Introduction

Thanks to the recent remarkable progress of laser technology, it has become meaningful and useful to investigate the possibilities of manipulating molecular processes and chemical dynamics by lasers. Various ideas have been proposed so far[1−9]. Typical examples are (i) coherent control in which quantum mechanical interference effect is used to control the branching ratio into the desirable final product, (ii) pump−dump method in which a wave packet is pumped or dumped by laser at appropriate positions to achieve a desirable product, (iii) linear chirping in which the laser frequency is linearly varied as a function of time to attain high efficiency, (iv) various kinds of adiabatic rapid passage that represent applications of linear chirping, and (v) optimal control theory which tries to control wave packet dynamics optimally. Among these, we have especially noticed the significance of non-adiabatic transitions induced by lasers. If the laser frequency ω is not low (< 1000 cm−1), the Floquet (or dressed) state representation holds well and molecular potential energy curves or surfaces are shifted up or down by the amount of laser energy ħω[10]. This means that potential curve (or surface) crossings are created among these states. The interaction between the crossing states is equal to −με/2, where μ is the transition dipolemoment and ε is the amplitude of the laser field.

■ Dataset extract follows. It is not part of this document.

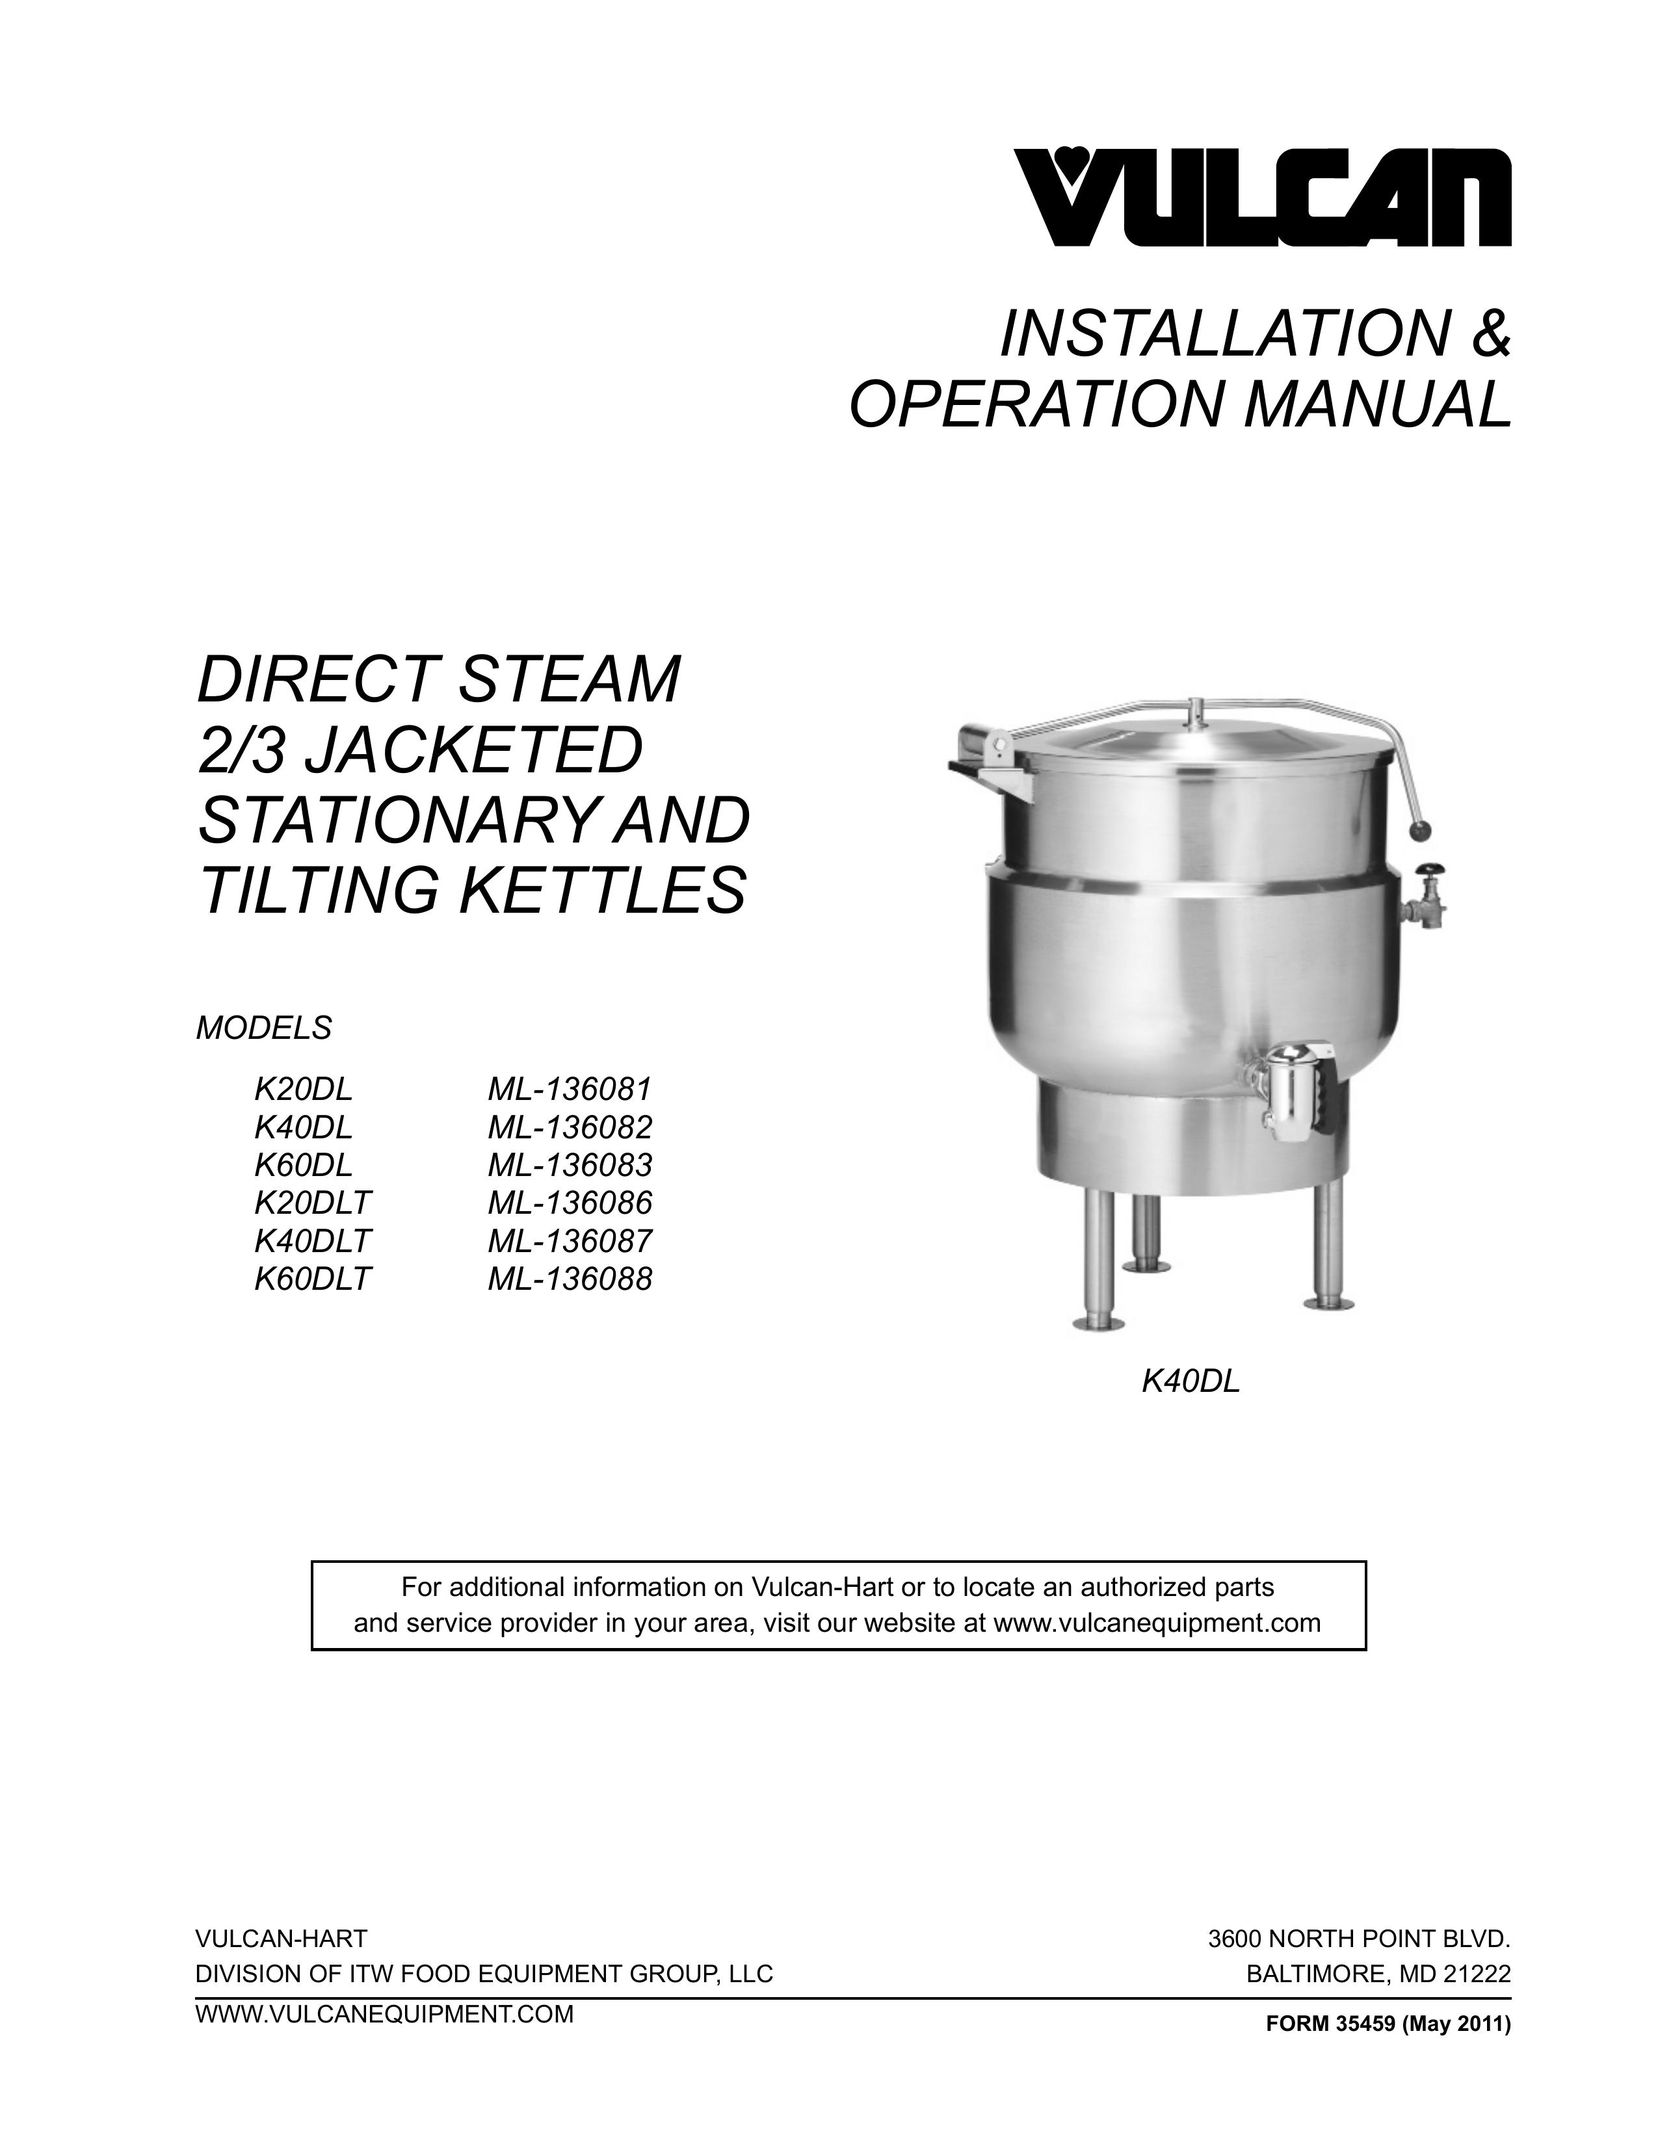 Vulcan-Hart K20DLT Hot Beverage Maker User Manual

The time-dependences of the frequency ω(t) and the pulse envelope ε(t), which are supposed to be much slower than the time-dependence of the field oscillation exp(i ʃt ω(t)dt), cause time-dependent non-adiabatic transitions. The time-dependence of ω(t) induces the time-dependent Landau−Zener type non-adiabatic transition and the time-dependence of ε(t) induces the time-dependent Rosen−Zener type non-adiabatic transition[9]. In the case of CW (continuous wave) laser, on the other hand, both ω and ε are constant and potential curve crossings are created along the molecular spatial coordinate, i.e., the internuclear distance. Non-adiabatic transitions are generally well localized at avoided crossings between adiabatic states regardless of whether they are time-dependent or time-independent, and molecular processes can be nicely described as a sequence of adiabatic wave propagations along adiabatic states and non-adiabatic transitions at avoided crossings.